### TASK PROMPT
Would you return the lines between the one holding "John Deere 995" and the one holding "Cabrillo Beach - Sailing to Catalina Island", inclusive, and only those, exactly as they stand in the listing below?

#####

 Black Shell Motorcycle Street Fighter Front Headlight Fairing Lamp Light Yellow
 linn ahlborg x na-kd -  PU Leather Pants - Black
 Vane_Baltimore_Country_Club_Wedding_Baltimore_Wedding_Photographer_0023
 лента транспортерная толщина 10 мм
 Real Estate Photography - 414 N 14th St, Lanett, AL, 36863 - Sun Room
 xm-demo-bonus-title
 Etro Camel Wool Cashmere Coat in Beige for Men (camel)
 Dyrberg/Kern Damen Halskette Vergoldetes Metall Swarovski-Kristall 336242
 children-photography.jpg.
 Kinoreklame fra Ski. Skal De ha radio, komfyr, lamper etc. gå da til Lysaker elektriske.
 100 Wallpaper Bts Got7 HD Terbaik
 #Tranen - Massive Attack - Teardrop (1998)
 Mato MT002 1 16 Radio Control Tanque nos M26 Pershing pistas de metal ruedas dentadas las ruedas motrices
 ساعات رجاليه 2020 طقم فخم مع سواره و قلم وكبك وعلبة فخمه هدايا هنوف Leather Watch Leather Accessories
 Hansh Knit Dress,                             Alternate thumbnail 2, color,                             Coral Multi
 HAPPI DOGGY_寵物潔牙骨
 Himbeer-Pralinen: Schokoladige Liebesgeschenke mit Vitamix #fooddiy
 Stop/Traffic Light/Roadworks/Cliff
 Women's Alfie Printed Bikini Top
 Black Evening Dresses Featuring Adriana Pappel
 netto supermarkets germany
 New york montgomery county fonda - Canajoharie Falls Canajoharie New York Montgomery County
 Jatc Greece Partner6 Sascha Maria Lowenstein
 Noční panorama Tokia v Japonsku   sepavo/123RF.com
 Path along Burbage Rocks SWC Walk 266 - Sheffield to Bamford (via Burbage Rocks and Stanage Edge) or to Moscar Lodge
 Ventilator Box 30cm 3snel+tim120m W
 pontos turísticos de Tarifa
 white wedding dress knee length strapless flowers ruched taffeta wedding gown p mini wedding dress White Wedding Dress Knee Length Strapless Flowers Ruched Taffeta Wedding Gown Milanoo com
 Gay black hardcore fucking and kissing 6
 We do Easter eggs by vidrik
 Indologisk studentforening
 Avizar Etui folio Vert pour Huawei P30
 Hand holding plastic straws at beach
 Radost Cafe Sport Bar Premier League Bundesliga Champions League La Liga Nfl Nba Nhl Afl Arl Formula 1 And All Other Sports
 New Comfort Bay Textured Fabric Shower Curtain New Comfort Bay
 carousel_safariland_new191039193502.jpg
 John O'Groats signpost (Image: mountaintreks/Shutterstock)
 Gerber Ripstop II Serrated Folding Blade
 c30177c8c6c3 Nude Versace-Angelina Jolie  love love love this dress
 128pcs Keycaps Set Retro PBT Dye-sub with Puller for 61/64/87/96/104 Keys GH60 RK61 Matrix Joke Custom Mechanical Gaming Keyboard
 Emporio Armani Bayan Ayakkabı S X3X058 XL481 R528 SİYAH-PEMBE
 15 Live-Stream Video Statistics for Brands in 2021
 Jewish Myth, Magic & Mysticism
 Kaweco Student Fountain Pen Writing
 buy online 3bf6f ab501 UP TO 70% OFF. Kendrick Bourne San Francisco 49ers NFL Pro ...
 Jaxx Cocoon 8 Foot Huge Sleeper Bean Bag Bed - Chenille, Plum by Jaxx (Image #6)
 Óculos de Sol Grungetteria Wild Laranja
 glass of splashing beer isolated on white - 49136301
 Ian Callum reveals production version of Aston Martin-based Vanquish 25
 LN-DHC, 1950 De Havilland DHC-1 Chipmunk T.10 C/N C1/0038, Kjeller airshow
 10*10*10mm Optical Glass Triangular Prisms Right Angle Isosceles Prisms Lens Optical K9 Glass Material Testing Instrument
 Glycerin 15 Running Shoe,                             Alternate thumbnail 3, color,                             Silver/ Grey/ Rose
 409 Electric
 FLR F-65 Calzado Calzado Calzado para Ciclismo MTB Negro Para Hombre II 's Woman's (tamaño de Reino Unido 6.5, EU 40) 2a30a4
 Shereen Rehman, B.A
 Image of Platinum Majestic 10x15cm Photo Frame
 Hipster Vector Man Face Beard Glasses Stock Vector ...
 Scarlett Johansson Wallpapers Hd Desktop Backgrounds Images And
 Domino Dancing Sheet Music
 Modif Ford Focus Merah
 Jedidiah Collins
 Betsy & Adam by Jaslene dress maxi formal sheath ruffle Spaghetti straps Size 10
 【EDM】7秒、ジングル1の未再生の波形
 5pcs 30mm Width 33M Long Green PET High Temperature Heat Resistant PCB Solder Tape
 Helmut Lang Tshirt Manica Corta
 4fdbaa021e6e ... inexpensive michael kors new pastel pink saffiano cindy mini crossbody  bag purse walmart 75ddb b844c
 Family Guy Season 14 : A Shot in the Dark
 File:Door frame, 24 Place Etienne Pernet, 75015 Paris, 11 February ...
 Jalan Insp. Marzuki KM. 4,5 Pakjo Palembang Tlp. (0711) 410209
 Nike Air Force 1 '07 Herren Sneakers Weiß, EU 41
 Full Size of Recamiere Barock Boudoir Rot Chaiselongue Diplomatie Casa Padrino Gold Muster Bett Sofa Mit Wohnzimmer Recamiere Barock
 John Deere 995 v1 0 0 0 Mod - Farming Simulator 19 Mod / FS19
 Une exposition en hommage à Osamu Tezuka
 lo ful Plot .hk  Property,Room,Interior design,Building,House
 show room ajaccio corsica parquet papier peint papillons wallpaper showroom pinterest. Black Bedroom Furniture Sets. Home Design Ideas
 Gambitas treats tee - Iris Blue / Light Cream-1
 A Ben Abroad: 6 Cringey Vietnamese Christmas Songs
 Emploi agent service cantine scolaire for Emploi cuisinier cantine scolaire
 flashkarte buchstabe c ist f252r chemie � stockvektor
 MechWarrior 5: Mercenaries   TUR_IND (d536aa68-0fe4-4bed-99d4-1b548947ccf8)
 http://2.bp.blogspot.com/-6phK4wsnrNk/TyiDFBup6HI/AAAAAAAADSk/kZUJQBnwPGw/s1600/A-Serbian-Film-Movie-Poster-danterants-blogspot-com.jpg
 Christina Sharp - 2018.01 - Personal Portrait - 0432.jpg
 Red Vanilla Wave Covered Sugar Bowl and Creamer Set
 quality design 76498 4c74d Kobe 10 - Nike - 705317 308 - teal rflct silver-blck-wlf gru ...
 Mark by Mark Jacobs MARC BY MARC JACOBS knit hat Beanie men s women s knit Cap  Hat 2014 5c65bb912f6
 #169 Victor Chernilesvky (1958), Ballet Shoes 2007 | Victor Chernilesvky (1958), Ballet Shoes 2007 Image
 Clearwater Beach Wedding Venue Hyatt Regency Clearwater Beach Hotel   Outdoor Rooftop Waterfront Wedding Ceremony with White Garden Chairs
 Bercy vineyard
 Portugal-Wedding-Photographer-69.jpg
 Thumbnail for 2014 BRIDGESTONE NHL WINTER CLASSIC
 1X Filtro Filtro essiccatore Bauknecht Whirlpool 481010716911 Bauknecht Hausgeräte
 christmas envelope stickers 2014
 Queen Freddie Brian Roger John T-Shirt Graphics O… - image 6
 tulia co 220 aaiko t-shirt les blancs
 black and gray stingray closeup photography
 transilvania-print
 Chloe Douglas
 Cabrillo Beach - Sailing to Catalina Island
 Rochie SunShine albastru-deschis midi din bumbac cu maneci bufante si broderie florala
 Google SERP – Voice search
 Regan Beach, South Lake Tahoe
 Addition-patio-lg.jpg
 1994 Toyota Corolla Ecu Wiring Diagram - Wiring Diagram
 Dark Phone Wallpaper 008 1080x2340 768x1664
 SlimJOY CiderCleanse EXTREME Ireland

#####

### WRITTEN ANSWER
 John Deere 995 v1 0 0 0 Mod - Farming Simulator 19 Mod / FS19
 Une exposition en hommage à Osamu Tezuka
 lo ful Plot .hk  Property,Room,Interior design,Building,House
 show room ajaccio corsica parquet papier peint papillons wallpaper showroom pinterest. Black Bedroom Furniture Sets. Home Design Ideas
 Gambitas treats tee - Iris Blue / Light Cream-1
 A Ben Abroad: 6 Cringey Vietnamese Christmas Songs
 Emploi agent service cantine scolaire for Emploi cuisinier cantine scolaire
 flashkarte buchstabe c ist f252r chemie � stockvektor
 MechWarrior 5: Mercenaries   TUR_IND (d536aa68-0fe4-4bed-99d4-1b548947ccf8)
 http://2.bp.blogspot.com/-6phK4wsnrNk/TyiDFBup6HI/AAAAAAAADSk/kZUJQBnwPGw/s1600/A-Serbian-Film-Movie-Poster-danterants-blogspot-com.jpg
 Christina Sharp - 2018.01 - Personal Portrait - 0432.jpg
 Red Vanilla Wave Covered Sugar Bowl and Creamer Set
 quality design 76498 4c74d Kobe 10 - Nike - 705317 308 - teal rflct silver-blck-wlf gru ...
 Mark by Mark Jacobs MARC BY MARC JACOBS knit hat Beanie men s women s knit Cap  Hat 2014 5c65bb912f6
 #169 Victor Chernilesvky (1958), Ballet Shoes 2007 | Victor Chernilesvky (1958), Ballet Shoes 2007 Image
 Clearwater Beach Wedding Venue Hyatt Regency Clearwater Beach Hotel   Outdoor Rooftop Waterfront Wedding Ceremony with White Garden Chairs
 Bercy vineyard
 Portugal-Wedding-Photographer-69.jpg
 Thumbnail for 2014 BRIDGESTONE NHL WINTER CLASSIC
 1X Filtro Filtro essiccatore Bauknecht Whirlpool 481010716911 Bauknecht Hausgeräte
 christmas envelope stickers 2014
 Queen Freddie Brian Roger John T-Shirt Graphics O… - image 6
 tulia co 220 aaiko t-shirt les blancs
 black and gray stingray closeup photography
 transilvania-print
 Chloe Douglas
 Cabrillo Beach - Sailing to Catalina Island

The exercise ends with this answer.